It's legally well established that parents have a responsibility to financially support their children. In about half of all states, the reverse is true as well: adult children have a legal responsibility to support their parents when their parents don't have sufficient income to take care of themselves. In legal terms, this is called "filial responsibility."
Filial Responsibility Laws
Filial responsibility laws say that when parents cannot afford living expenses, medical care, or nursing home care, their adult chldren have to provide for them, if they can afford to do so. Most states had filial responsibility laws at one time, but about half of the states have repealed them. Today, California, Georgia, Pennsylvania, and about 20 other states have some form of filial responsibility law, but they aren't often enforced.
The details of these laws vary by state. Most state laws specify that a parent must be indigent or have very low income before the court will rule in favor of a filial responsibility lawsuit. In most of the states, a nursing home, hospital, or the state government can file a lawsuit against an adult child, but in California, only a parent or the government can file a lawsuit.
In some states, adult children can even be liable criminally for not supporting their parents, though in most of the states, adult children can only be forced to pay the parent's nursing home bills if they lose a lawsuit.
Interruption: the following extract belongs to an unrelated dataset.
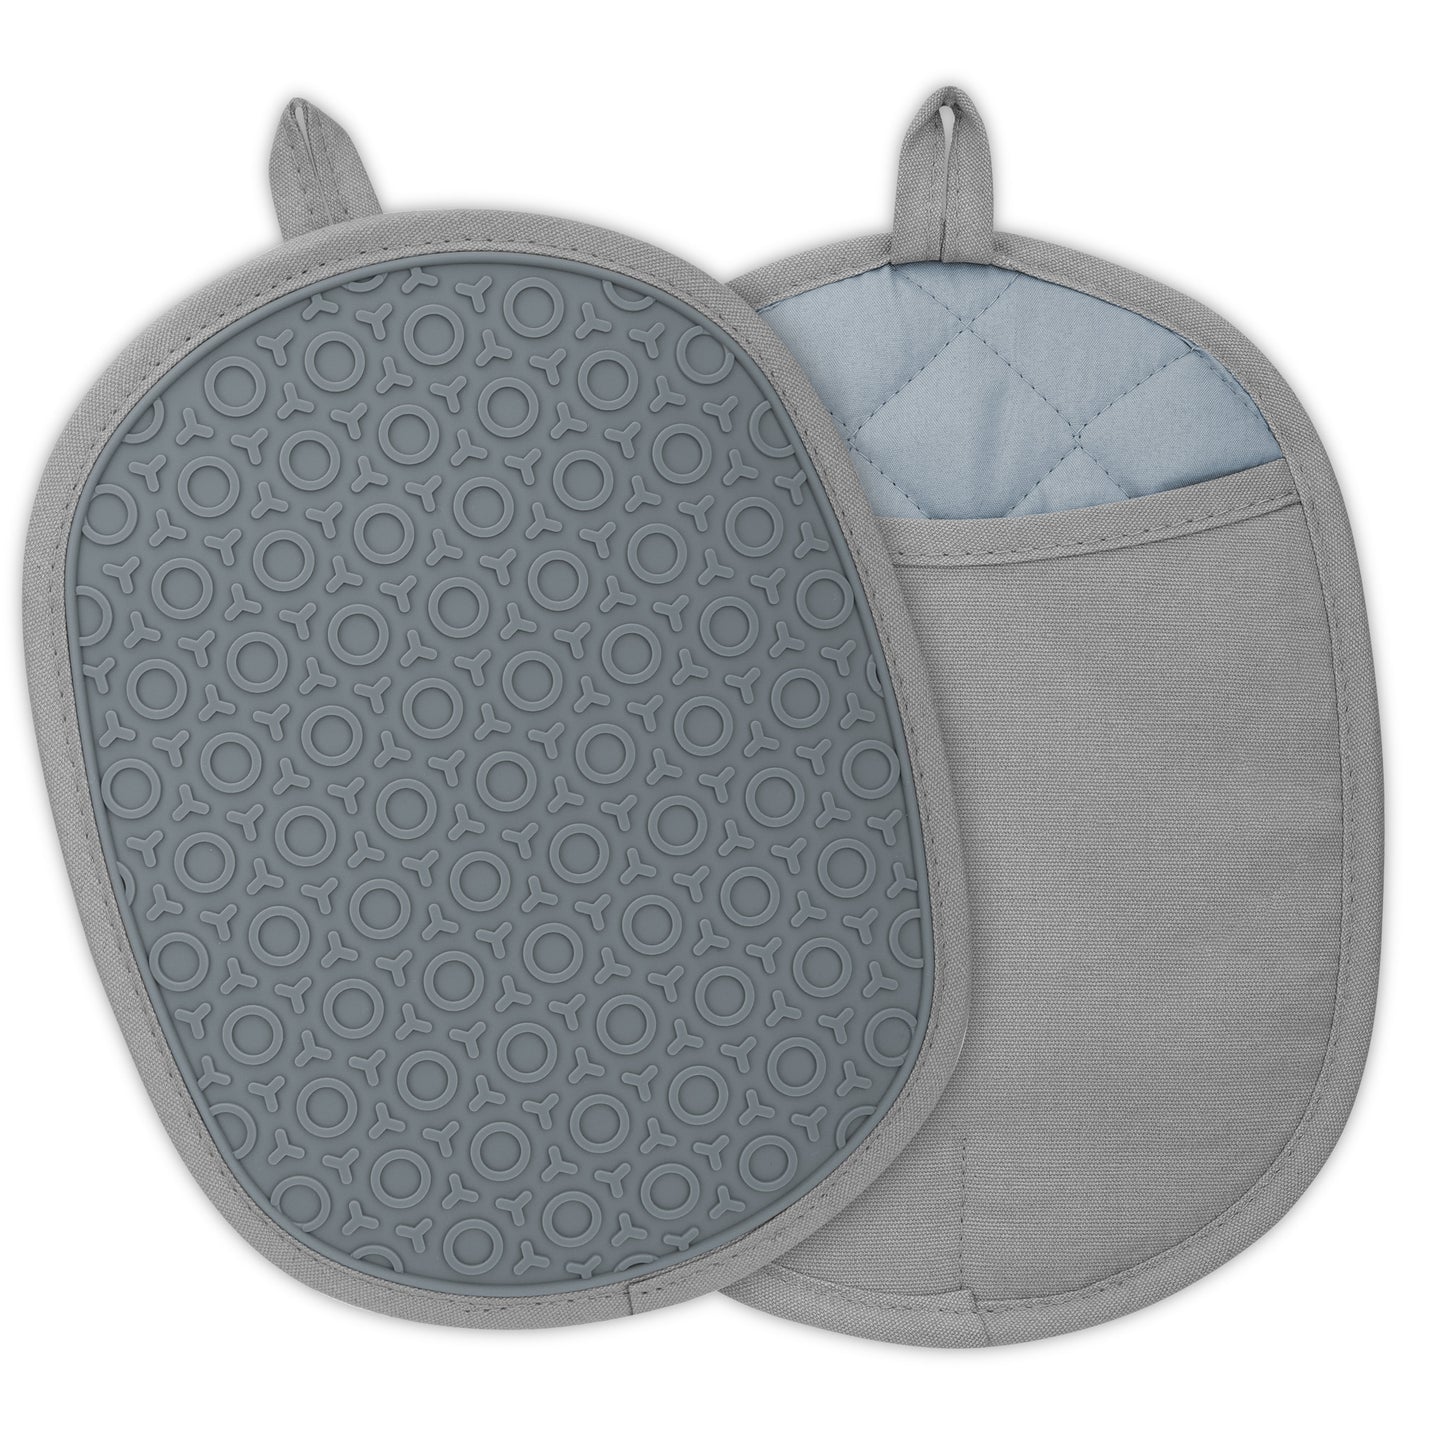 2pcs Silicone Pot Holders- Heat-Resistant Pads with Secure Pockets and Non-Slip Grip for Safe Baking and  Cooking(Gray)

A party collecting the court judgment could put a lien on the child's property or garnish wages to collect it, however.
Not Every Adult Child Must Pay
These state laws give courts some discretion when enforcing filial responsibility laws. Adult children who are barely making ends meet financially typically won't be required to pay for their parent's care. A "clean hands" doctrine also applies in many states: If a parent abused or abandoned the child, some state laws say that the parent is undeserving of the child's financial support. Likewise, in some states a parent is not entitled to financial care by a child unless the parent is moneyless due to "misfortune" (as opposed to squandering wealth).
When Filial Responsibility Laws Are Used
Most low-income and low-asset seniors qualify for Medicaid, or at least Medicaid-paid long-term care, if they need it. The Medicaid program is not allowed to go after the assets of a Medicaid recipient's children to offset costs. So the child of any parent who is covered by Medicaid isn't going to be held responsible for paying for their parent's care.
Elderly parents who don't qualify for Medicaid are often able to pay for their own care, at least until they spend down their assets sufficiently to qualify for Medicaid. Only when a parent is not eligible for Medicaid and the parent doesn't have enough money to provide for his or her own care will a child's ability to pay come into consideration. If, in this circumstance, a child does have the ability to pay for a parent's care, but refuses to, the parent or a care provider (such as a nursing home, hospital, or doctor's office) might decide to sue the child for payment.
This set of circumstances happens rarely, and of course, many states don't have filial responsibility laws that allow this, including the populous states of Texas, New York, Florida, and Illinois. But adult children have been successfully sued in several well-publicized cases over the last few years, including one by a skilled nursing facility where a mother was recovering after an accident; she hadn't applied for Medicaid but wasn't able to pay the bill.
What Can You Do?
If your parent needs financial help and you can't provide it, before you find yourself in court defending yourself against such a claim, help with your parent apply for Medicaid for health care, and if necessary, long-term care. If your parent doesn't qualify, speak with an elder care attorney in your state to find out how vulnerable you are to this law. You may live in a jurisdiction that doesn't recognize filial responsibility, or it may not apply to you.